SUMMARY OF THE INVENTION The present invention is conceived to solve the above-mentioned problems, and it is an object of the present invention to provide a rotating device capable of preventing vibrations of devices such as a motor providing a driving force to a rotating device or forming a load condition from being transmitted to a rotating device to be tested, The present invention has been made in view of the above problems, and it is an object of the present invention to provide a noise vibration testing apparatus for a bed detachable rotating machine capable of more accurately performing noise and vibration measurement.

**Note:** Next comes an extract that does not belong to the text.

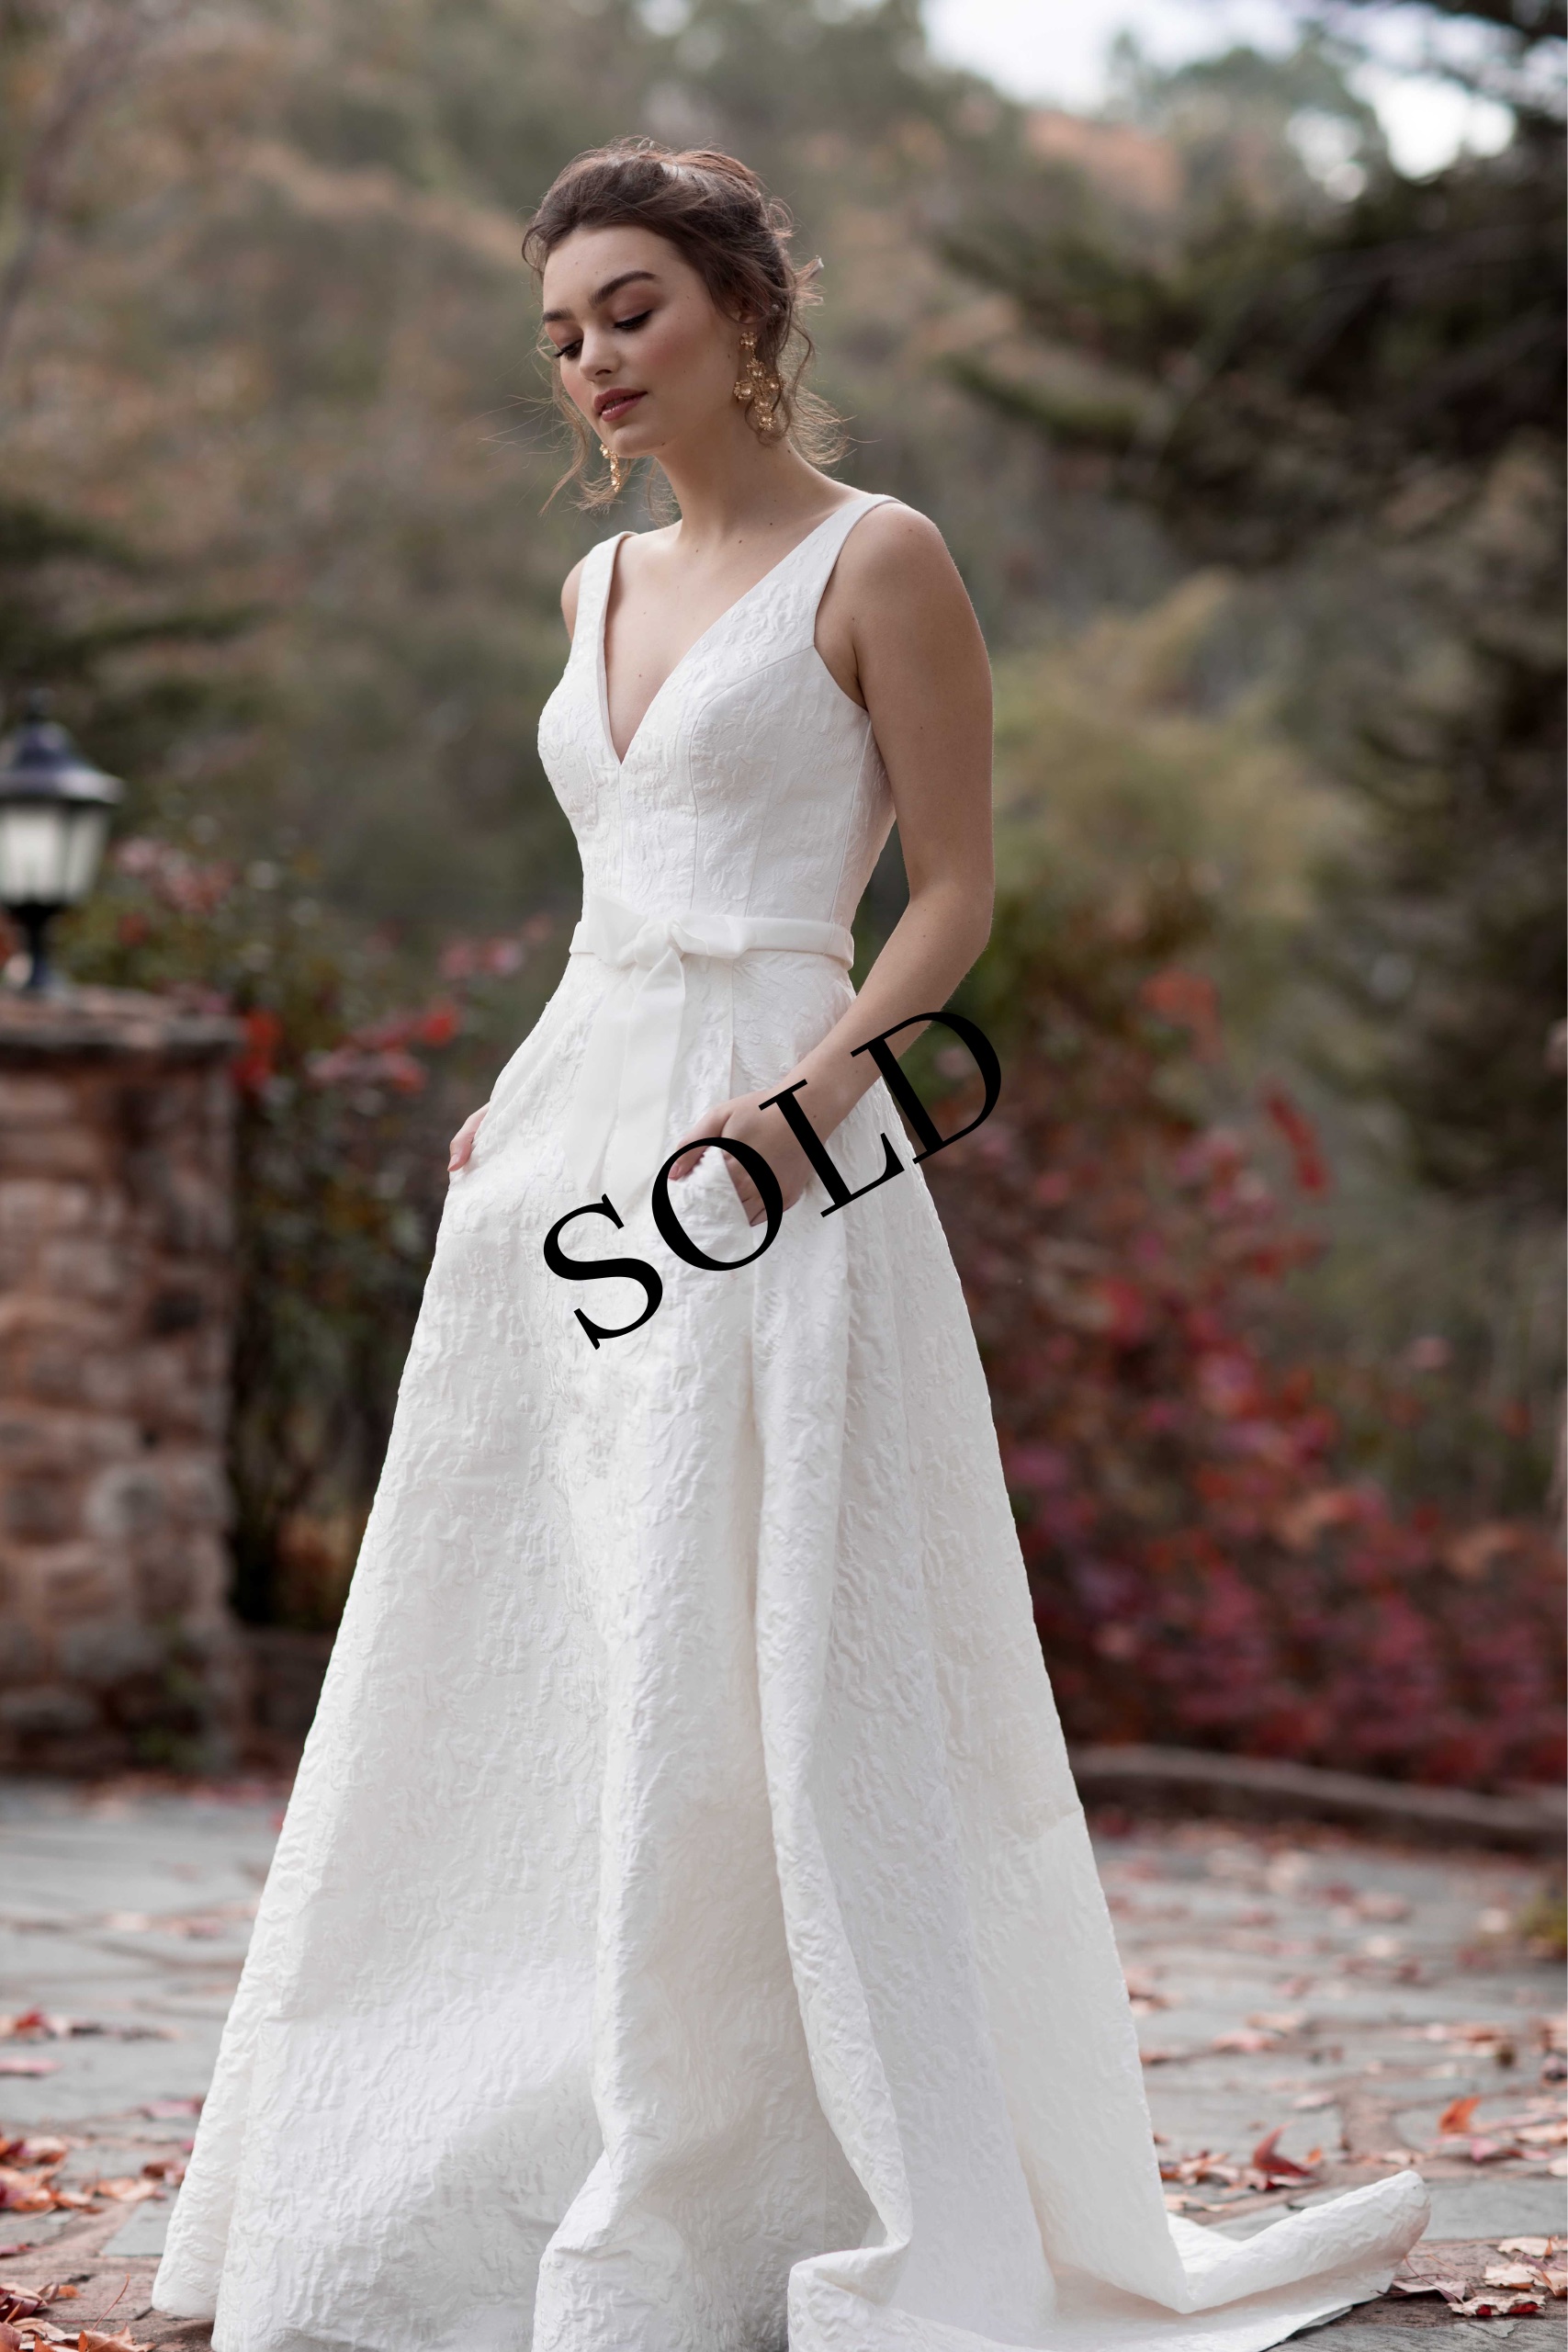 The Opera sample gown is sold.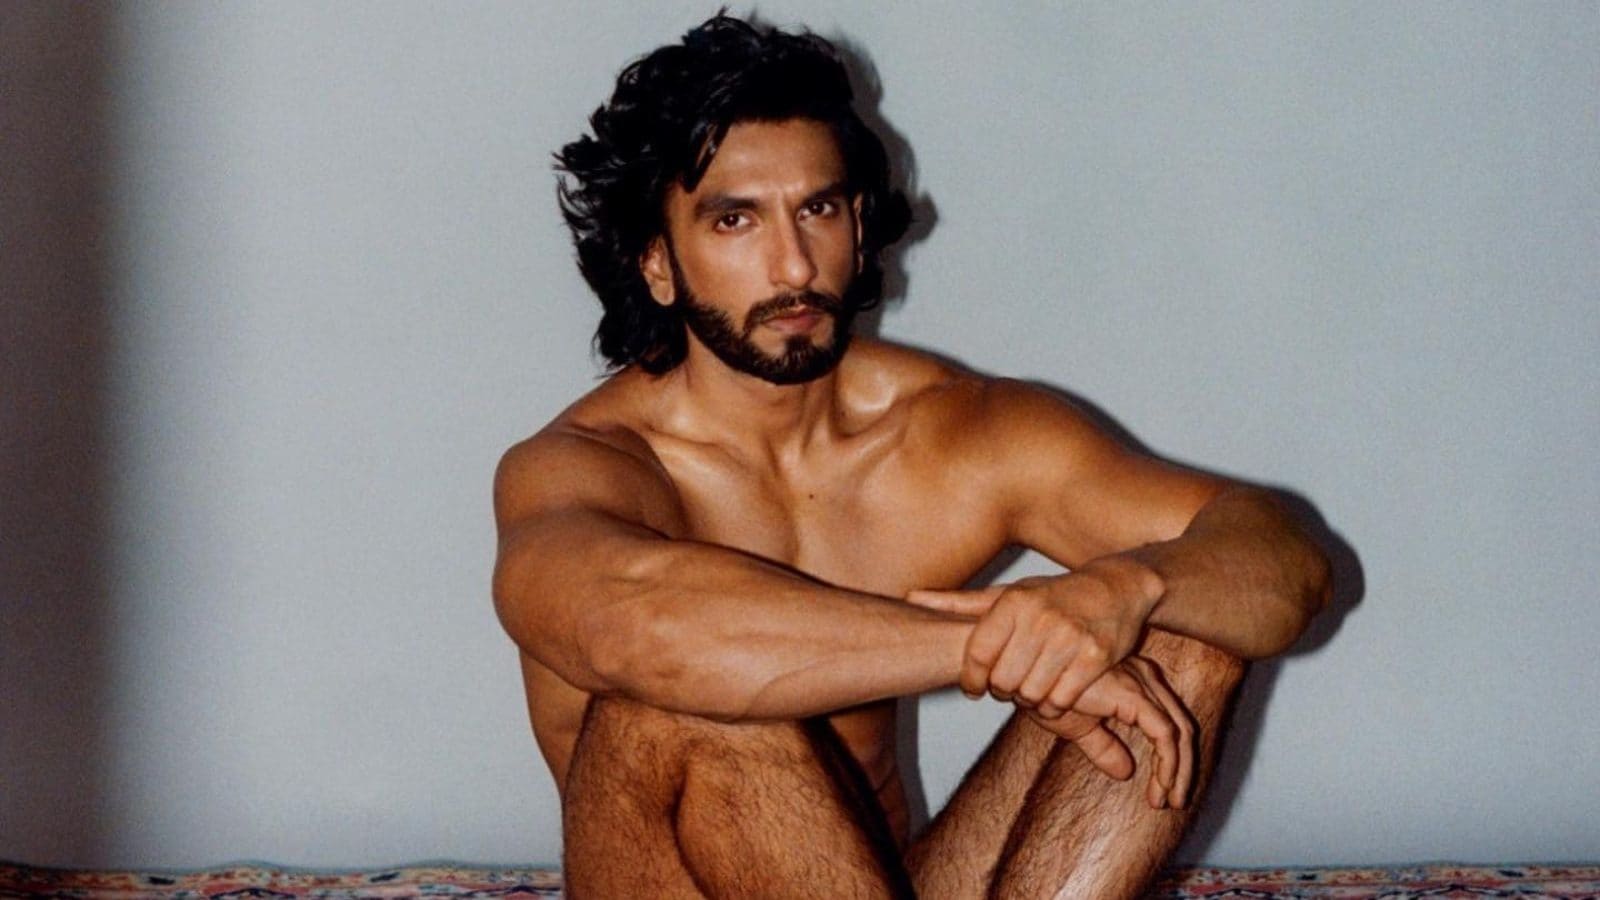 Nude World India - BuzzFix: Why Ranveer Singh's Masculinity Redefining Nude Shoot Does Not  Insult Women's Modesty

According to an aspect of the present invention, there is provided an apparatus for rotating a bed comprising a first bed provided with a rotating device, a second bed spaced apart from one side of the first bed, a third bed spaced apart from the other side of the first bed, An input motor installed in the second bed, an output motor installed in the third bed, a noise vibration measuring unit provided in an upper portion of the rotating device of the first bed, an input shaft assembly connecting the rotating device and the input motor, And an output shaft assembly connecting the rotating device and the output motor.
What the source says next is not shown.